Recuerdo nuestra primera discusión. Fue después de la ceremonia, en el coche de novios. Supongo que sería por una tontería, pero ahora considero que no fue ni el momento ni el lugar. Eran muchas las cosas que hacían pensar que aquello no funcionaría.
Ahora, pasado el tiempo, me puedo dar cuenta de la venda que tenía en los ojos por lo enamorada que llegué a estar de él. Era evidente que no veía lo que todos percibían: nunca podría imaginarme que aquello sería una esclavitud y mi cárcel.
Dada la precipitación de la boda, no teníamos vivienda donde ir hasta que nos hicieran entrega del piso, el cual se estaba reformando. Se decidió que viviríamos con sus padres. ¡Cuánto llegué a arrepentirme de la decisión tomada!
Iniciamos la luna de miel, realizando un recorrido por parte del país. Recuerdo una fuerte discusión por celos: él se fue de la habitación, dejándome sola y llorando. Siempre recordaré ese momento. En mi mente tenía a Víctor Manuel cantando Ay, amor: «Si fuera posible amarrarte, tenerte siempre cerca, poderte controlar, saber cada paso que das, saber si sales o entras». Era un presagio aquella canción; luego lo supe.
Poco a poco me fui dando cuenta de que no era bien recibida en su familia, dados mis orígenes, pues a ellos les hubiera gustado que su hijo se casara con una catalana de clase bien, pero… no fue así y su nuera era una andaluza, lo que me hicieron pagar durante mucho tiempo. Consideraban a los andaluces como ciudadanos de segunda clase. Al tener que vivir en casa de mis suegros, la convivencia fue difícil. Lo lógico era que les preguntaras cómo debías llamarlos (al menos eso me aconsejó mi madre, quizá por educación) y así lo hice:
—Quería saber cómo he de llamarla: madre, suegra o doña Hortensia. —En mi familia era normal llamar «madre» a la suegra.
—Doña Hortensia. Debe haber un respeto. Además, yo solo he parido dos hijos y, por tanto, «donde no hay sangre no hay morcillas». ¿Lo tienes claro?
—Sí, doña Hortensia. —Me quedé blanca. Por supuesto, ningún intento de acercamiento por parte de ella.
Pasó un año y una mañana, al despertar, Ramón me dijo:
—Feliz aniversario. Espero que te guste —dijo, entregándome un paquetito con una gema en forma de lágrima color ámbar en una cadena.
—¡Qué ilusión! Feliz aniversario. Yo no te he comprado nada.
—No importa. Viendo tu cara ya tengo suficiente. A la noche lo celebraremos.
Yo, feliz por ser el primer aniversario de nuestro matrimonio y la mar de contenta, le dije a doña Hortensia:
—Mire qué colgante más bonito me ha regalado su hijo. —La verdad es que era precioso.
—No sé qué vais a celebrar. Como no sea el mayor error que ha cometido mi hijo… Porque tú a mí no me engañas: te has casado con él por el dinero, ya que no tenías donde caerte muerta.

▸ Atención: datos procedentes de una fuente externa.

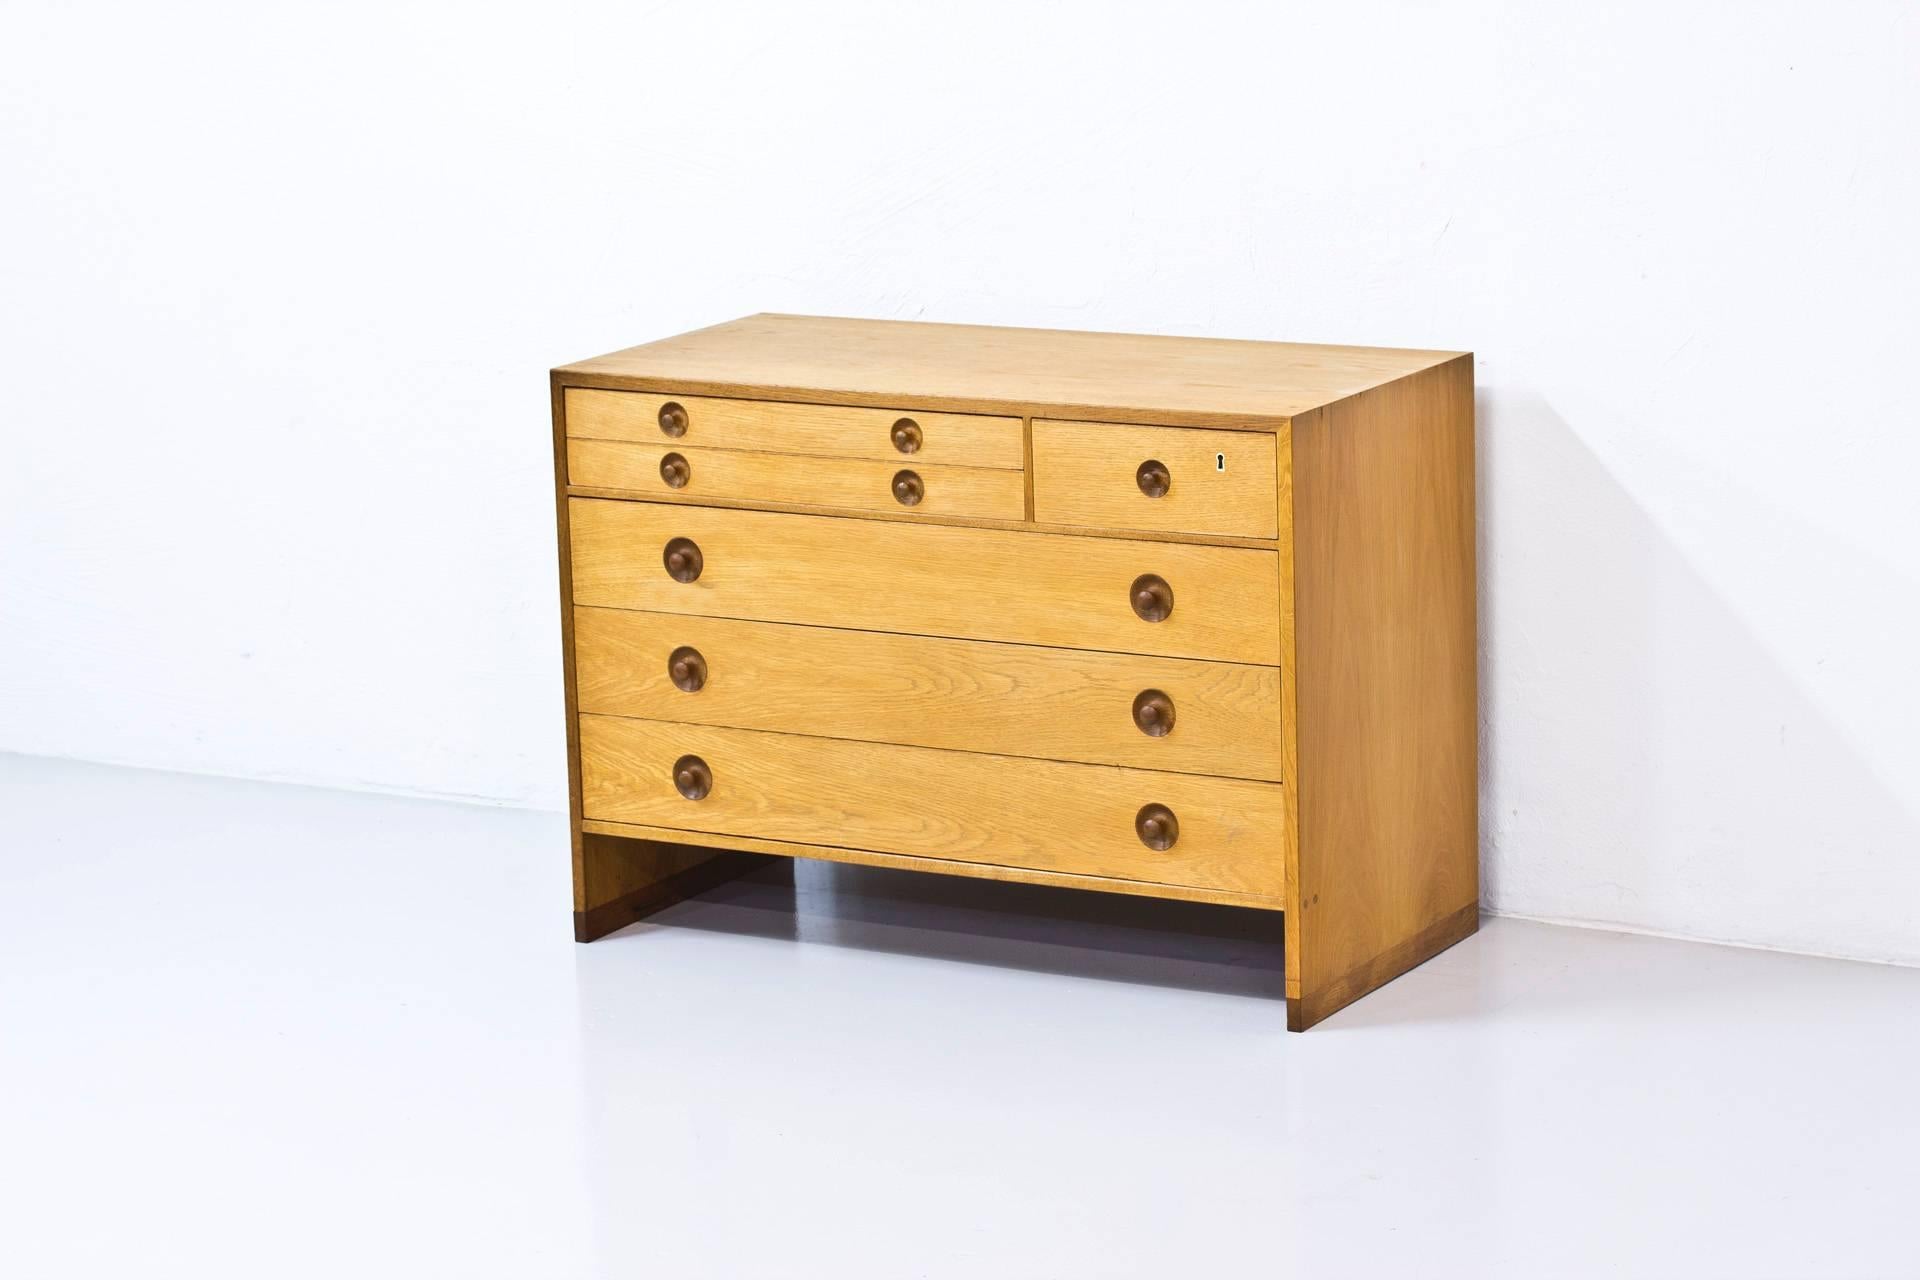 Chest of drawers designed by Hans J. Wegner. Produced in Denmark by Ry Mobler during the 1960s. Made from oak with handles and runners in red oak. Top right drawer with lock and key. The two top left drawers with green felt fabric on the inside.

Si lo sabré yo —me respondió con una rabia contenida en sus palabras que daba hasta miedo.
Nuestra relación de pareja tuvo sus altibajos, más bajos que altos. El carácter posesivo y sus celos se fueron acentuando, pero mi creencia de poder cambiarlo con el tiempo fue creciendo. Desde luego, en aquellos tiempos, en los que todos los problemas se solucionaban en la cama, era bastante normal. Alguien me dijo, no recuerdo quién, que una mujer «debía ser para su marido una señora de día y una puta en la cama». Y si le explicaba mis problemas a mi madre siempre me decía:
—Hija, mientras tengas contento a tu marido en la cama siempre podrás hacer de él lo que quieras y, sobre todo, que tu mano izquierda no sepa lo que hace la derecha.
—Pero, mamá, es que es un sinvivir.
—Ya, pero recuerda que los trapos sucios se lavan en casa: que nunca diga su familia que vas aireando temas familiares por ahí.